Let’s Circle Back: The Viterbi Algorithm

3 min readJun 29, 2021

An algorithm named after one guy, but discovered independently on at least seven occasions.

The Viterbi Algorithm was developed for use in communications. It’s a dynamic programming algorithm which has many present day applications. One of these is in Natural Language Processing.

(Natural Language Processing, NLP, is a field of study combining linguistics, computer science, and AI. It focuses on the interactions between computers and human language.)

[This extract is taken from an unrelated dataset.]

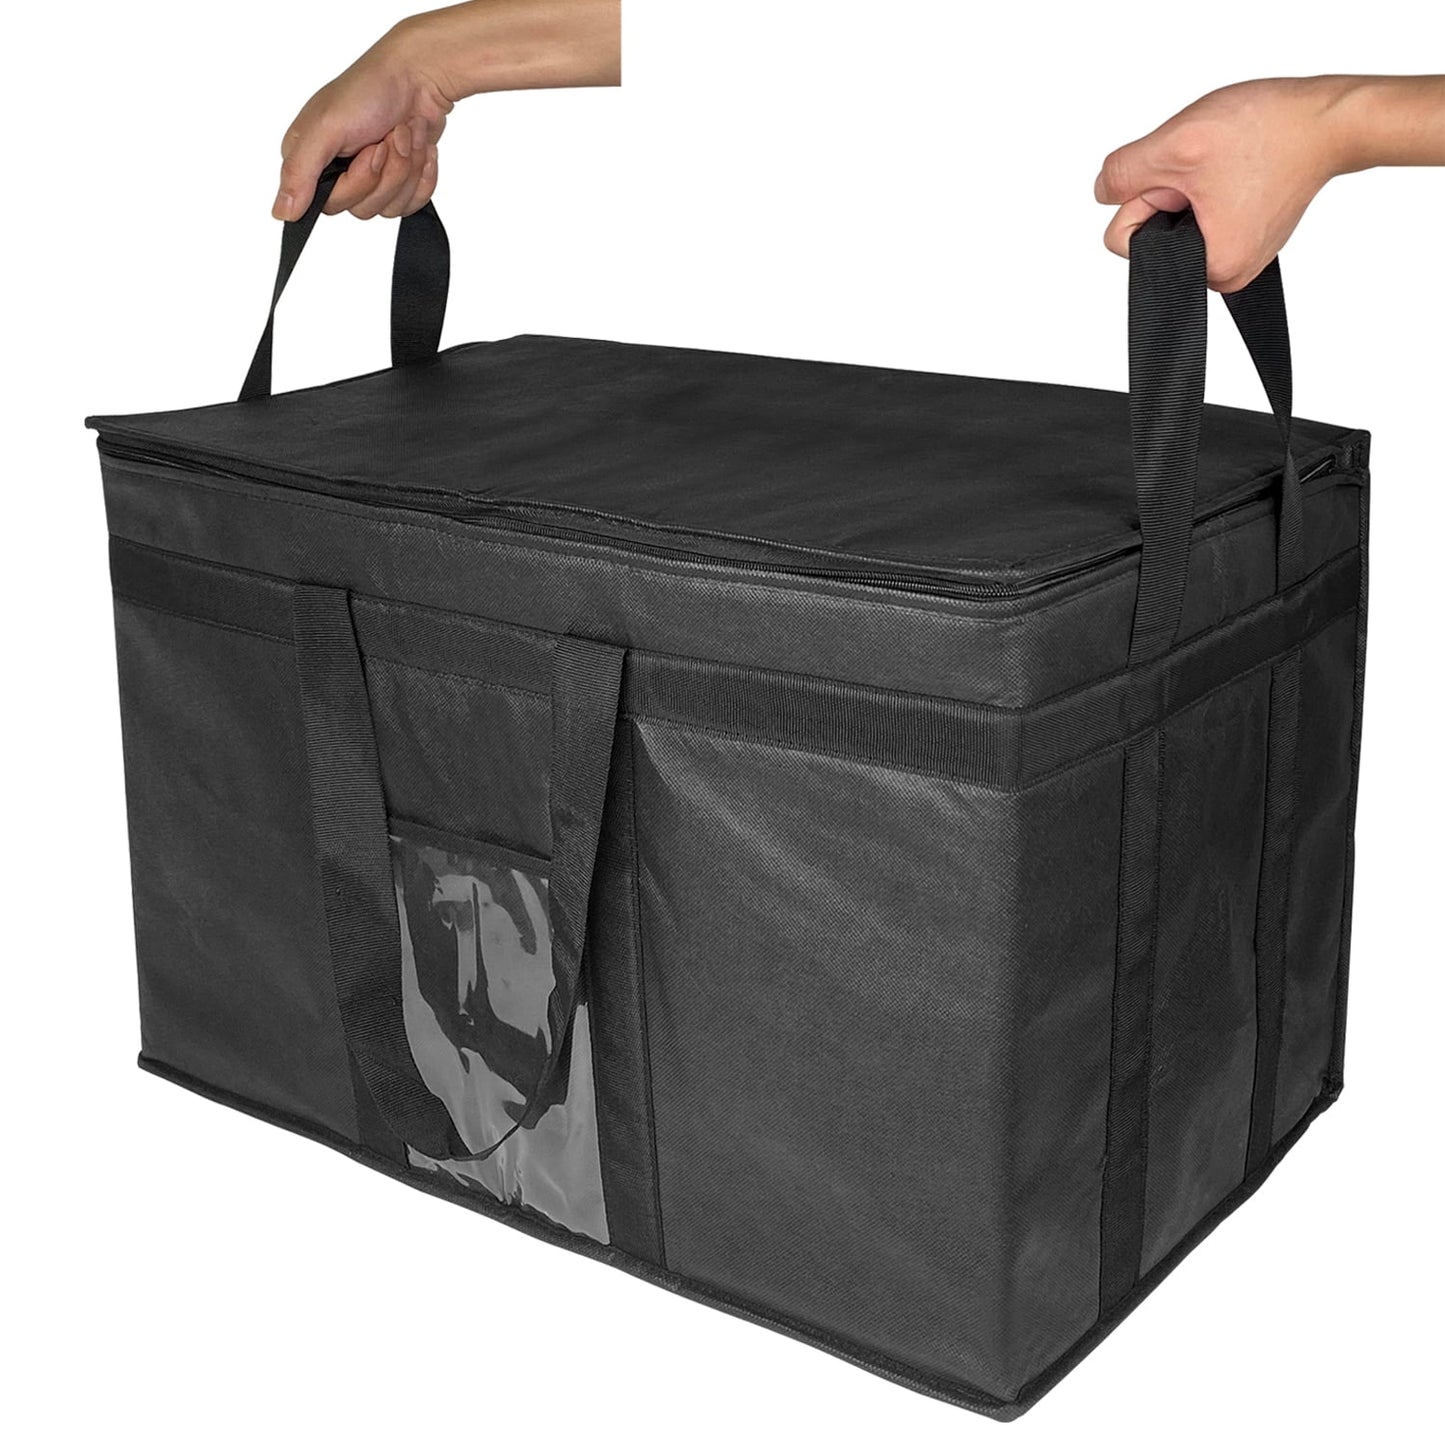 Yalin XXXL Insulated Bag, Food Delivery Bag with Zipper Closure, Reusable Grocery Shopping Bag Keep Food Hot or Cold, Collapsible Large Cooler Bag, 23"W x 15"H x 14"D (Black)-w

Within NLP, one challenge is in speech-to-text conversions. The Viterbi Algorithm can break down the problem of assigning text to speech components by backtracking to eliminate unlikely outcomes.

A Simplified Example.

Let’s say someone leaves you a voicemail. Weird, right? Why didn’t they just text? Maybe your phone provides you with a transcript of the message so that you can avoid the anxiety of having to check your voicemails.

“Hi Mary, have you seen my keys anywhere?”

There are all sorts of ways your phone can get this wrong. Many of these words are homophones, sounding the same but with distinct meanings and spellings.

“High marry, have ewe scene my quays anywhere?”

The algorithm treats the sounds as evidence (observations) and the text as parameters (states). It also utilises transition probabilities, which are the likelyhood of one event following another, given that they are not independent. The likelyhood of rolling a six and then a one is one in 36, the product of their probabilities, but the likelyhood of hot weather persisting from one day to the next is greater than P(HotDay)*P(HotDay).

Once the program determines that it has heard the sound [ˈhaɪ], the Viterbi Algorithm calculates starting probabilities, P(“High”|[ˈhaɪ]) and P(“Hi”|[ˈhaɪ]). The parameter with the higher probability is stored. Then, using a transition probability, it compares “Mary” and “marry” for the second word, given that it heard [ˈmɛrɪ], and is following “Hi” .

And so it goes over the course of the question, compounding the probabilities and eliminating the less likely text fragments so that it only ever has to compare states for the current observation, rather than every possible version of the entire sentence.

Big Data

With toy examples, like the Healthy v. Feverish given feeling normal, cold or dizzy example on the Wikipedia page for the Viterbi Algorithm, these compounded probabilities get very small, very quickly.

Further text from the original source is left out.